Xfinity Connect app is popular for its features and functions now available with all new users interface and advance security features.

johnsont said...

www.norton.com/setup – As we know that cyber-attacks are increasing in today’s time, in which hackers reach into our device.

johnsont said...

www.trendmicro.com/downloadme- Defend against the unknown threats and proceed for Trend micro download with TrendMicro having Advanced Machine Learning Technology.

johnsont said...

www.trendmicro.com/bestbuypc is a platform for installing the trend micro antivirus without any problems directly.

johnsont said...

www.malwarebytes.com/install- It will shield your computer from different dangers by distinguishing and expelling infections progressively.

johnsont said...

aol desktop gold download- AOL desktop is an internet suite produced by AOL that integrates a web browser with a media player and an instant messenger.

johnsont said...

comcast email sign in | Xfinity Email Sign in – Comcast now Xfinity is a large US-based internet provider offering a wide range of communication services.

neha said...

comcast email sign in | Xfinity Email Sign in – Comcast now Xfinity is a large US based internet provider offering a wide range of communication services. TV, cable internet, Comcast Email and voicemail are some of the available service. Xfinity Internet customers can still access their Comcast net Login. The Xfinity homepage enables you to connect to your Comcast webmail.


neha said...



WWW.MALWAREBYTES.COM/INSTALL It will shield your computer from different dangers by distinguishing and expelling infections progressively. This is finished with the utilization of hostile to malware, against spyware, and against rootkit innovation. The software’s auto-examine include likewise offers a proactive method to tidy up a framework.

neha said...


www.trendmicro.com/bestbuypc is a platform for installing the trend micro antivirus without any problems directly. Trend Micro maximum security provides 100% protection for your device online as well as offline.

neha said...

www.trendmicro.com/downloadme Defend against the unknown threats and proceed for Trend micro download with TrendMicro having Advanced Machine Learning Technology.

neha said...

www.webroot.com/safe is one of the easiest processes to secure your online web surfing and data. If you want to secure your devices from virus and malware just download webroot with key code from webroot com safe website.
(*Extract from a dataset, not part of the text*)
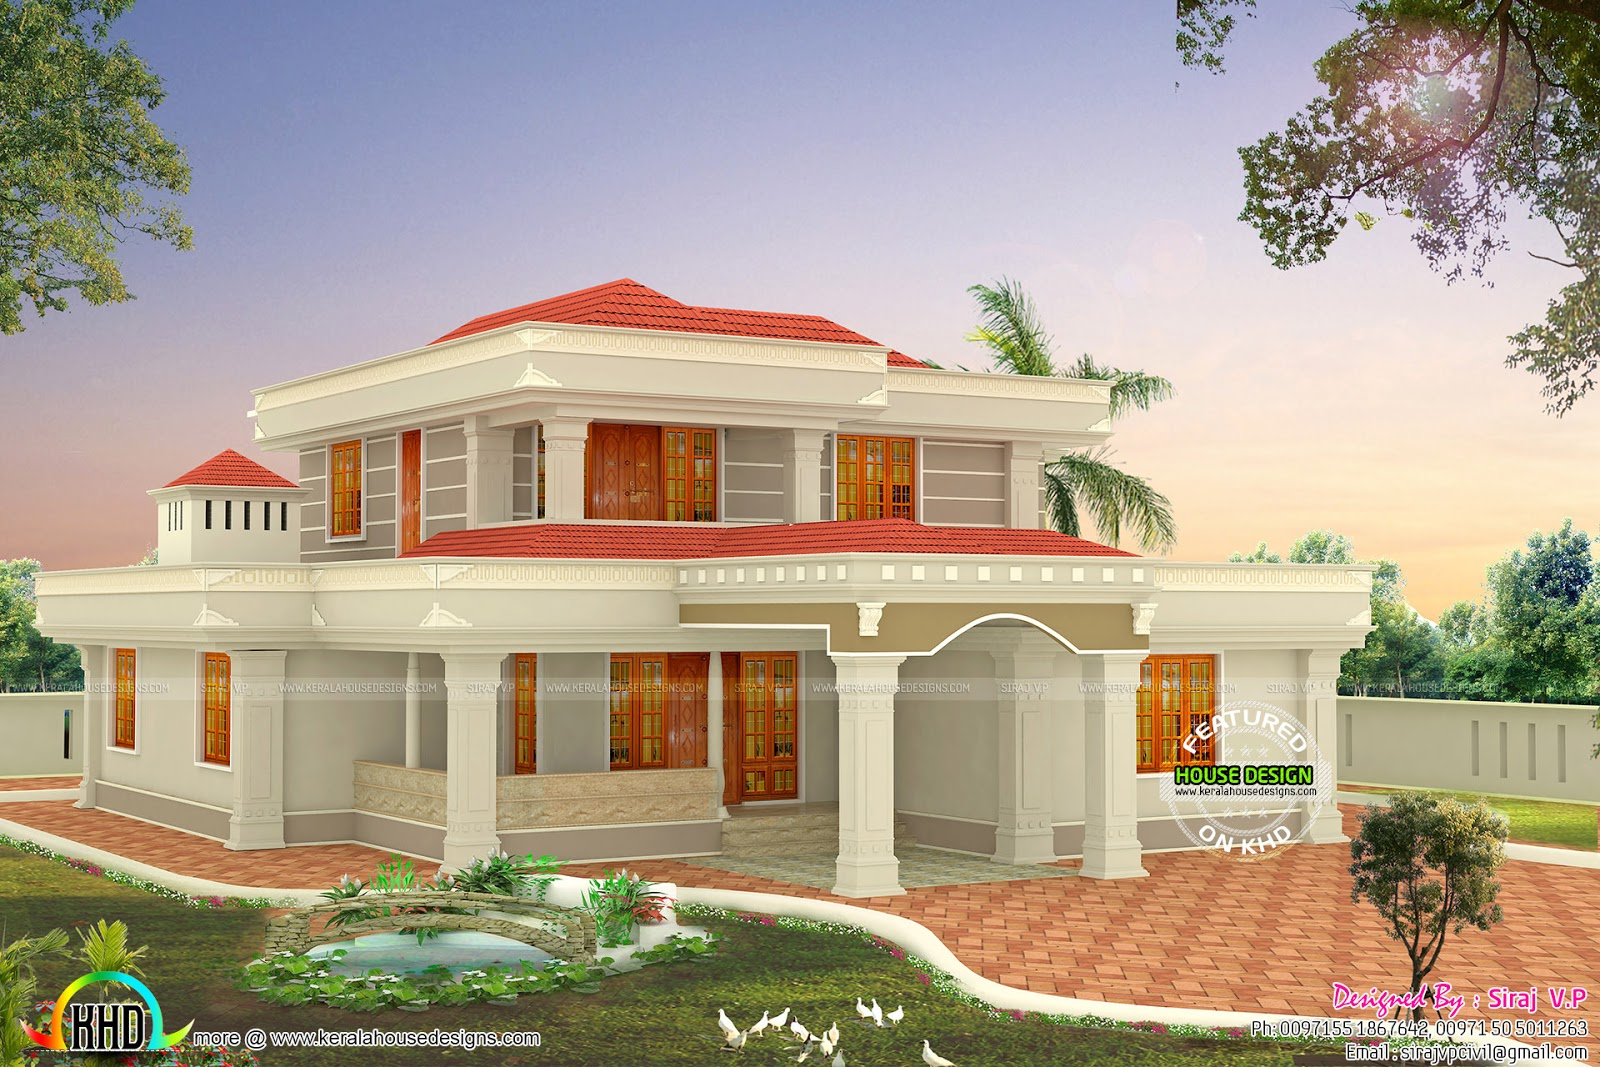 5 bedroom 2800 sq-ft modern home

Learn the steps to download, install, activate or reinstall webroot.

neha said...


It is a very helpful and informative blog post. I would like to thank to you for providing such information I have also have a website providing very good information.


aol desktop gold download

www.webroot.com/safe said...

This post is very useful to us thanks for sharing this info with us…
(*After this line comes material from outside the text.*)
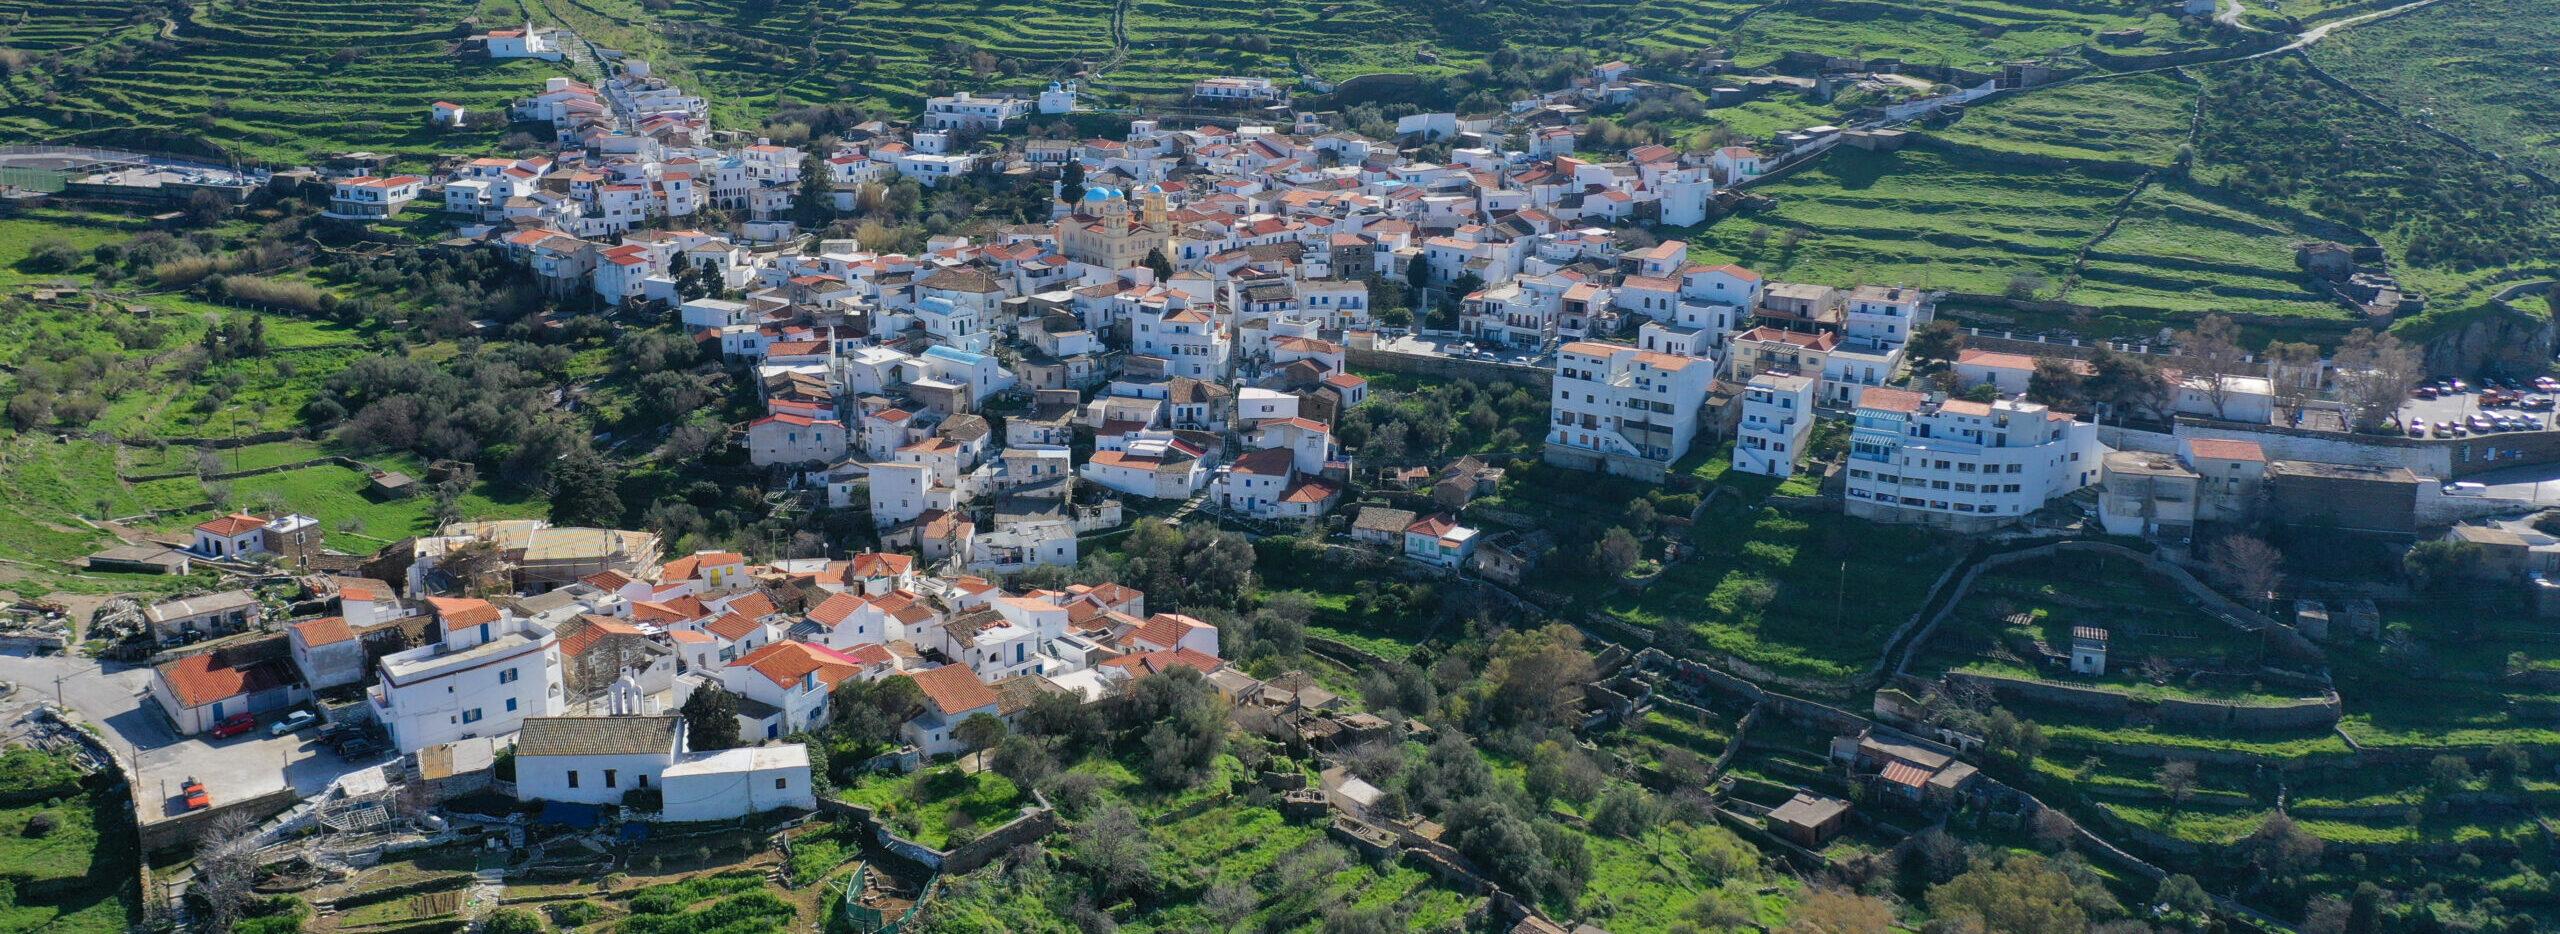 Kythnos: The labyrinth village

www.norton.com/setup said...

That’s wonderful. many things to learn. thanks for sharing

www.trendmicro.com/bestbuypc said...


Thanks for sharing a useful post here.

www.trendmicro.com/downloadme said...

Thanks for sharing such an amazing article, really informative

www.malwarebytes.com/install said...

https://www.installmalwarebytes.org/install/

www.malwarebytes.com/install said...

I think this is one of the most significant information for me. And i’m glad reading your article. Thank for sharing!

aol desktop gold download said...


Very valuable information, it is not at all blogs that we find this, congratulations I was looking for something like that and found it here.